Daily Mirror (Northern Ireland)
STUB OUT SMOKING IN SOCIAL HOUSING
Ban urged as blight twice as bad across council estates
SOCIAL housing tenants could be ordered to stop smoking in the latest blitz on the unhealthy habit.
The recommendation was made in a report that found smoking is now “highly concentrated” on council estates, where it is twice as common.
Tenants are also less likely to quit despite trying as often as other smokers, it adds.
The report, by two All Party Parliamentary Groups and charity Ash, proposes new social housing could be designated smoke-free – and suggests offering tenants vaping kits. It also points out that most private landlords include no-smoking clauses in agreements.
Ash’s Hazel Cheeseman said: “We are not saying all new developments should be [smoke-free] but it’s something that housing associations should look at.
“Their housing for nurses and doctors is already smoke-free, as is housing for students.

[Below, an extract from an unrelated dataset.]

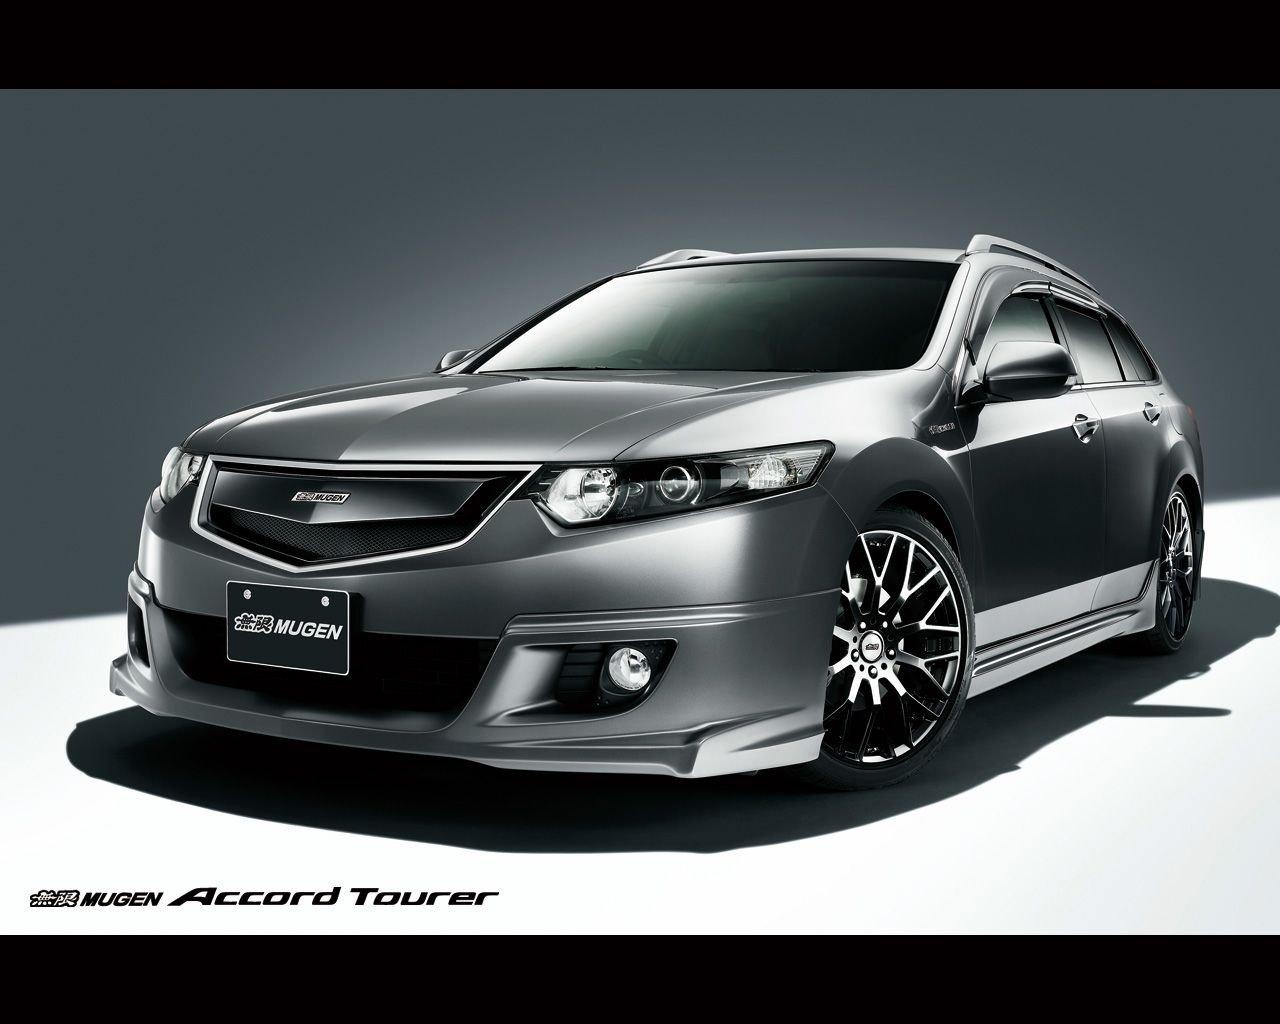 Honda Accord Mugen Wallpaperjpg 1280x1024

Moving house is a great time to change your behaviour so you smoke outside or, better still, quit altogether.” The report, co-authored by the APPG on Healthy Homes and Buildings and the APPG on Smoking and Health, calls for “action closer to where people live”. Passive smoking is particularly dangerous for children.
Social housing has been falling since the Tories began selling council houses in the 1980s. It covered 17% of households in 2016/17, with 3.9 million homes. Co-author Lee Sugden, of housing association Salix Homes, said: “[Smoking] is disproportionately harming the communities we house and we should ask ourselves what we are doing about it.” Last year, the Government blocked a smoking ban in beer gardens after warnings it would lead to pub closures.